Note that fail-fast behavior cannot be guaranteed as it is, generally speaking, impossible to make any hard guarantees in the presence of unsynchronized concurrent modification. Fail-fast operations throw
ConcurrentModificationException on a best-effort basis.
注
- 例外可能被击中,而不一定被击中。
- 不需要不同的螺纹
- Throwing the exception cannot be guaranteed
- 推进例外是一个最好的基础
- Throwing the exceptions happens when the contral modification is detected,not when it's caused
1.The documentation of the
BLCK1/
Note again that the behaviour"cannot be guaranteed"and is only"on a best-effort basis".

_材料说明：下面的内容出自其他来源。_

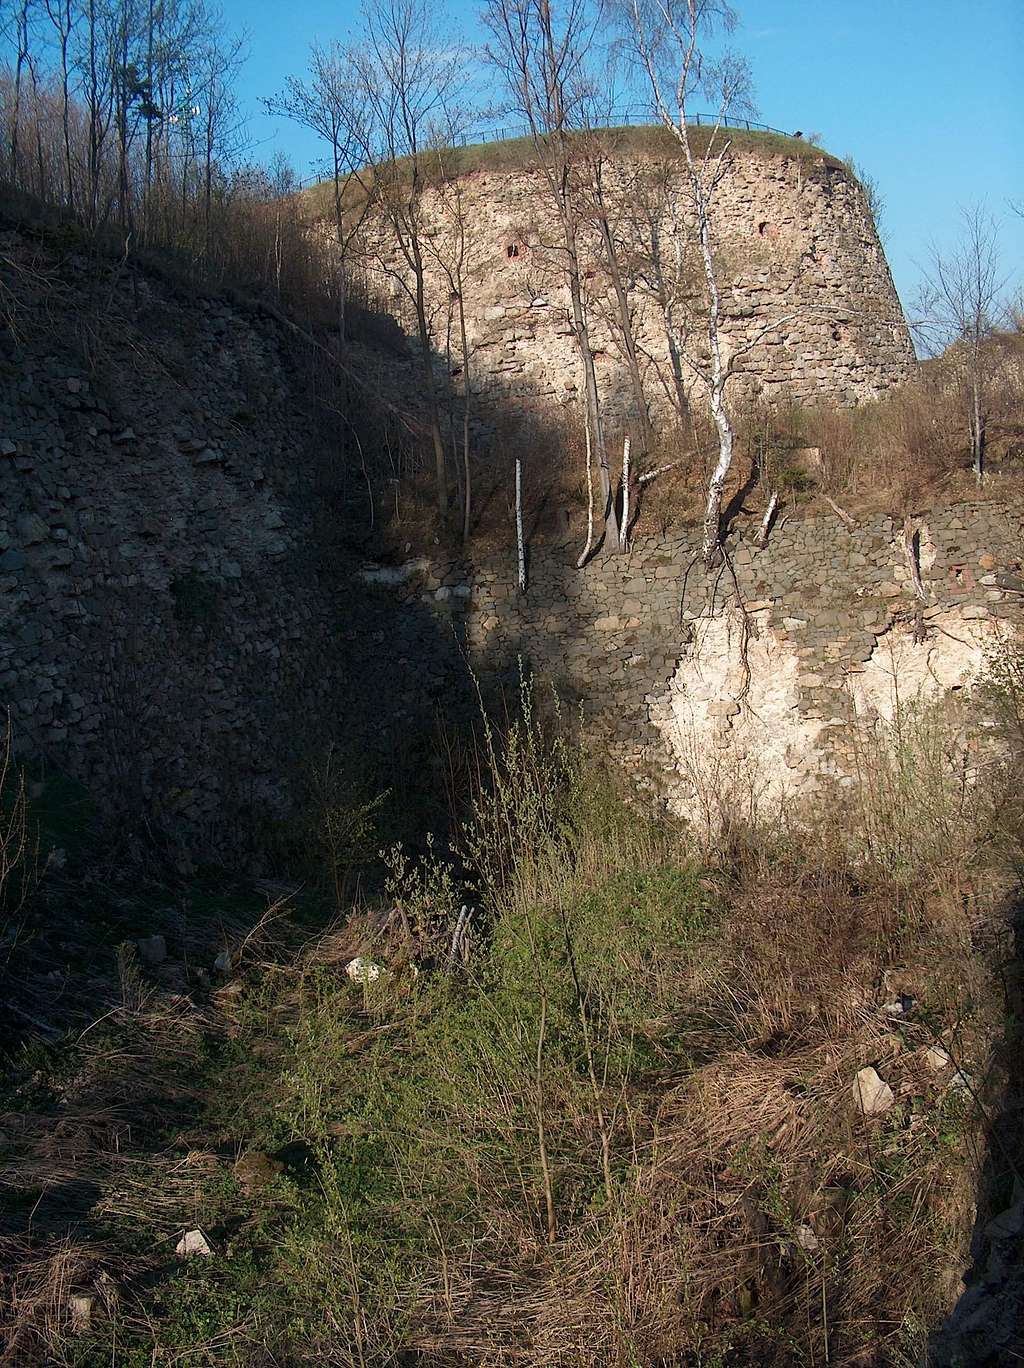 Fort Rogowy near Srebna Gora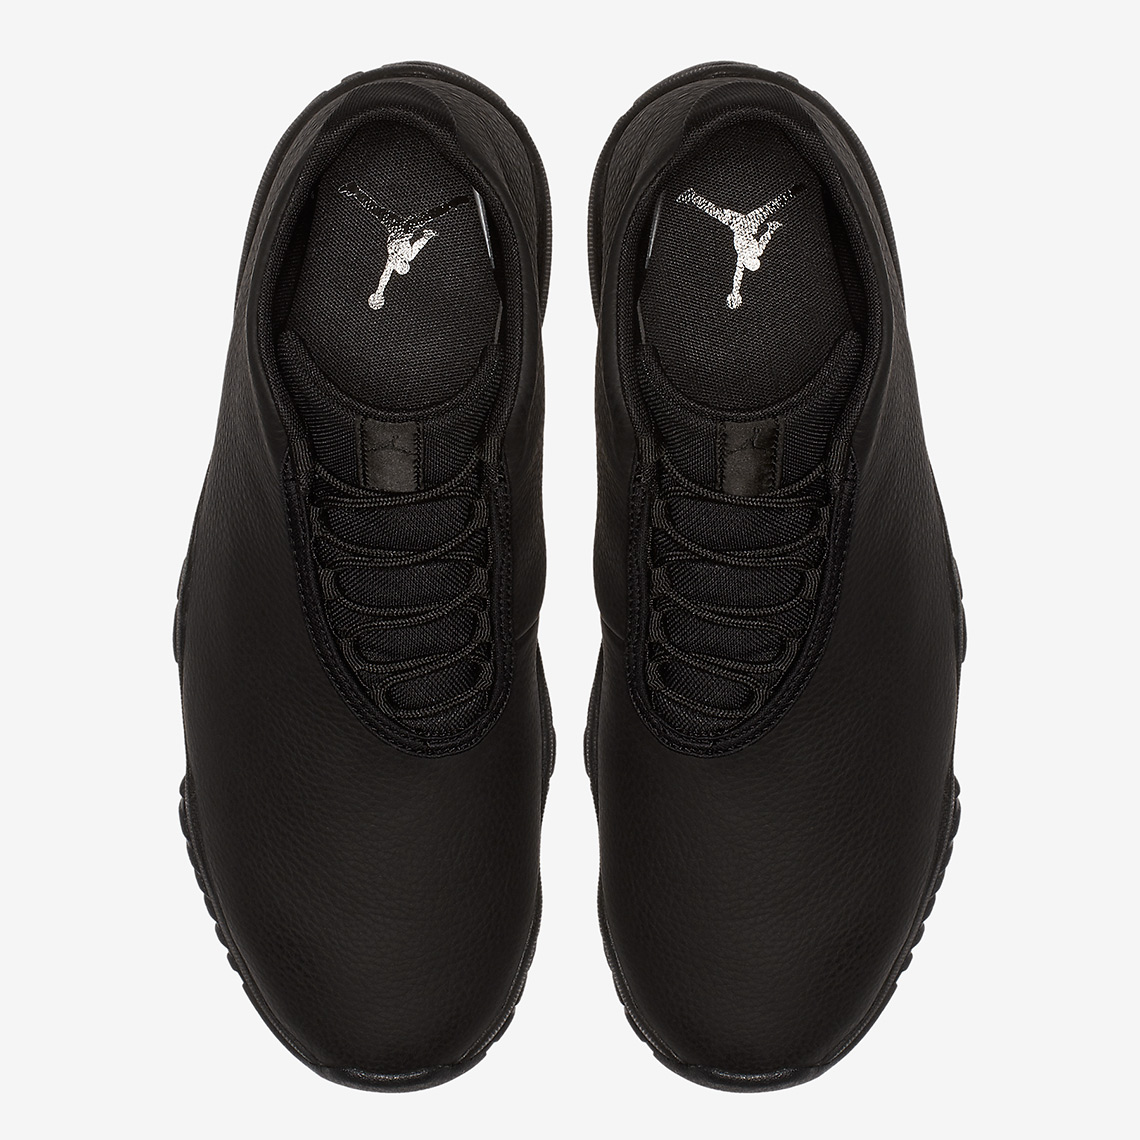 Jordan Future Triple Black Leather Cd1523 002 1

The documentation of several methods of the EDOCX1&20)Interface say this:
Non-concurrent implementations should override this method and, on a best-effort basis, throw a
ConcurrentModificationException if it is detected that the mapping function modifies this map during computation. Concurrent implementations should override this method and, on a best-effort basis, throw anIllegalStateException if it is detected that the mapping function modifies this map during computation and as a result computation would never complete.
又注意到只有一种"最佳努力基础"是检测所必需的,而一种
EDOCX1&12
所以,当你看到一个由
- 最常见的原因是
Collection 的改变,在for 上环绕着Collection 。因为你看不到源代码中的一个对象不代表没有偶然地,一个故障的说明,EDOCX1&7)LOOP通常会出现在堆栈的轨迹中,因此,错误的追踪通常是容易的。 - 一个骗子的例子是当你的代码绕着
Collection 号对象传递时。Note that unmodificable views of collections(such as produced by EDOCX1&34).Retain a reference to the modificable collection,so iteration over an"unmodificable"collection can throw the exception(the modification has been elsewhere).Other views of yourCollection ,sub lists,Map entry sets andMap key sets also retain references to the original(remodible)Collection 这可能是一个问题,甚至是一个安全的Collection ,例如CopyOnWriteList ;不要认为安全的(竞争者)集群永远不会被排除在外。 - 在某些情况下,可不期望操作的
Collection 。修改它的收藏。 - 硬案例是由于多径并行修改而引起的例外情况。
防止并行修正错误的编程
在可能的情况下,将所有的参考资料都限定在一个
这听起来不像Java同步问题,更像是数据库锁定问题。
我不知道向所有持久类添加一个版本是否会解决问题,但这是Hibernate提供对表中行的独占访问的一种方法。
可能是隔离级别需要更高。如果您允许"脏读",也许您需要进行串行化。
Note that the selected answer cannot be applied to your context directly before some modification, if you are trying to remove some entries from the map while iterating the map just like me.
我只是举个例子,让新手节省时间:
1 2 3 4 5 6 7 8 9 10 11 12 13 | HashMap<Character,Integer> map=new HashMap(); //adding some entries to the map ... int threshold; //initialize the threshold ... Iterator it=map.entrySet().iterator(); while(it.hasNext()){ Map.Entry<Character,Integer> item=(Map.Entry<Character,Integer>)it.next(); //it.remove() will delete the item from the map if((Integer)item.getValue()<threshold){ it.remove(); } |
根据您尝试执行的操作,尝试CopyOnWriteArrayList或CopyOnWriteArraySet。